EP by Julie Brown
- Released: 1984
- Genre: Pop, comedy
- Length: 16:34
- Label: Rhino
- Producer: Steve Thomas, Dan Lawson

Julie Brown chronology
|  | Goddess in Progress (1984) | Trapped in the Body of a White Girl (1987) |

= Goddess in Progress =

Goddess in Progress is a 1984 EP (labeled as a "Specially Priced Mini LP") by Julie Brown, released on Rhino Records on 12" vinyl and cassette. The two tracks on side one first appeared on Brown's independently released 1983 single "I Like 'Em Big And Stupid"; and two of the three tracks on side two were later included on the soundtrack of Earth Girls Are Easy, a film starring Brown and Geena Davis and based on the song of the same name.

==Tracks==

Side One

Side Two

===2007 re-release===
In late 2007, Brown purchased the rights to the EP and re-released it on CD format.

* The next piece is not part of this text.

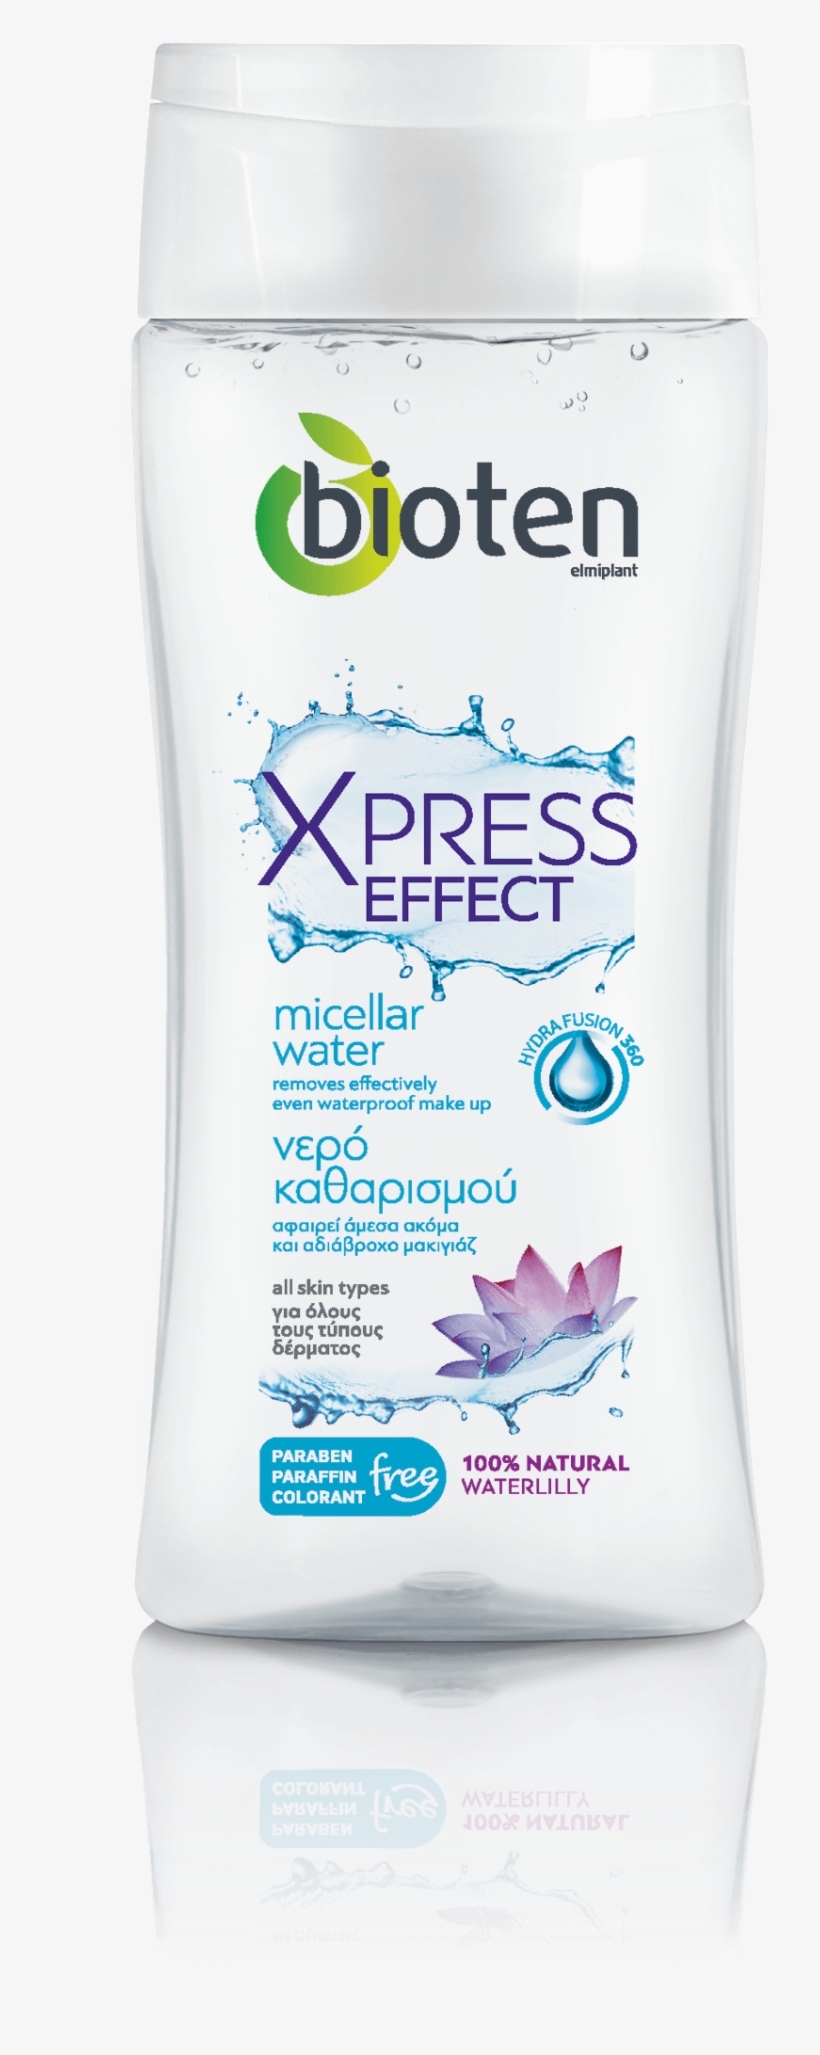 Xpress Effect Micellar Water 200ml - Bioten Skin Repair - Anti-ageing Night Cream, transparent png #3159616
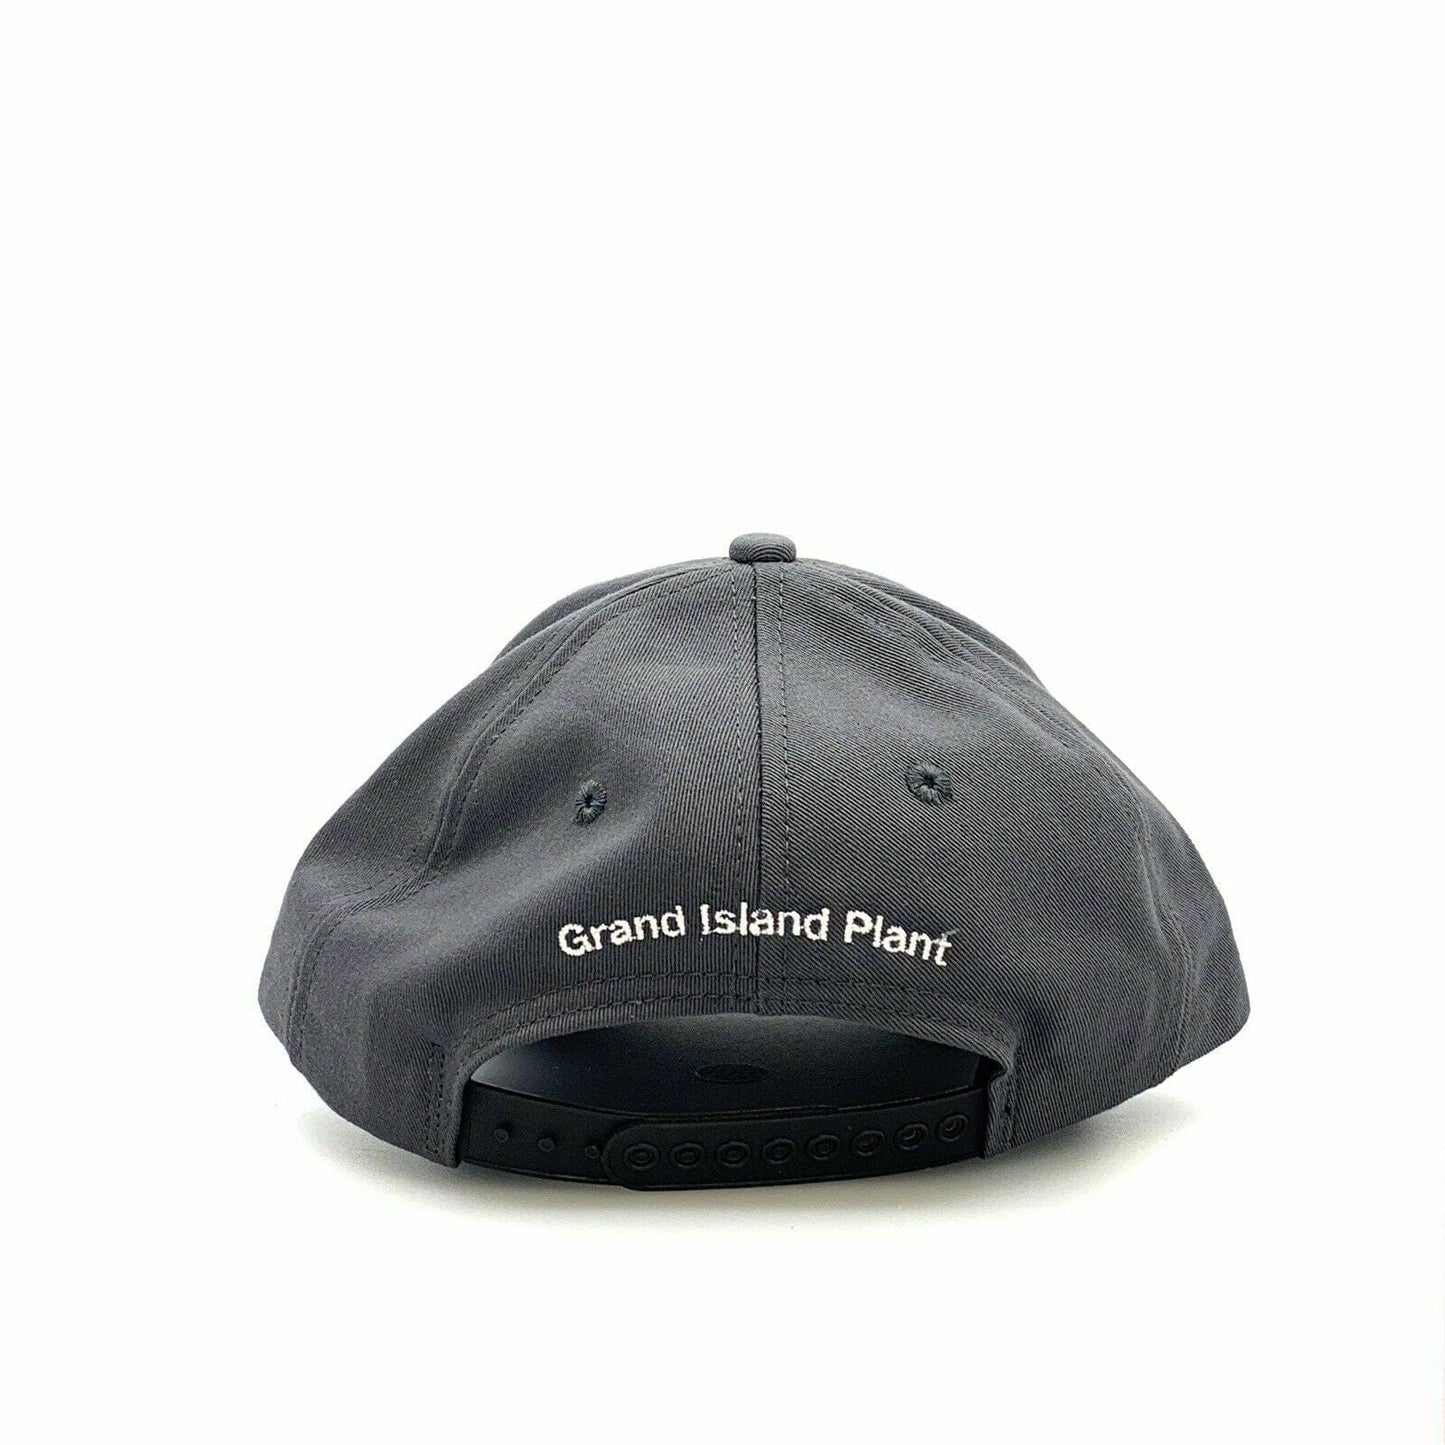 CASE IH Grand Island Plant Employee Dad Baseball Hat, Gray - OSFA

She included six previously unreleased tracks recorded between 1984 and 1987. The cover art was a slightly altered version of the original.

Track listing:

1. Will I Make It Through the Eighties 2:47
2. ‘Cause I’m a Blonde 2:19
3. I Like 'Em Big and Stupid 2:44
4. The Homecoming Queen's Got a Gun 4:46
5. Earth Girls Are Easy 4:52
6. Too Much Girl 3:28
7. Call Me for a Good Time 3:44
8. Back in the Back Seat 3:20
9. Surf’s Up, So What 1:46
10. Fallin’ (At the Speed of Love) 3:02
11. Kiss & Tell 2:35

==Back cover==
The back of the album cover is designed to look like a newspaper front page.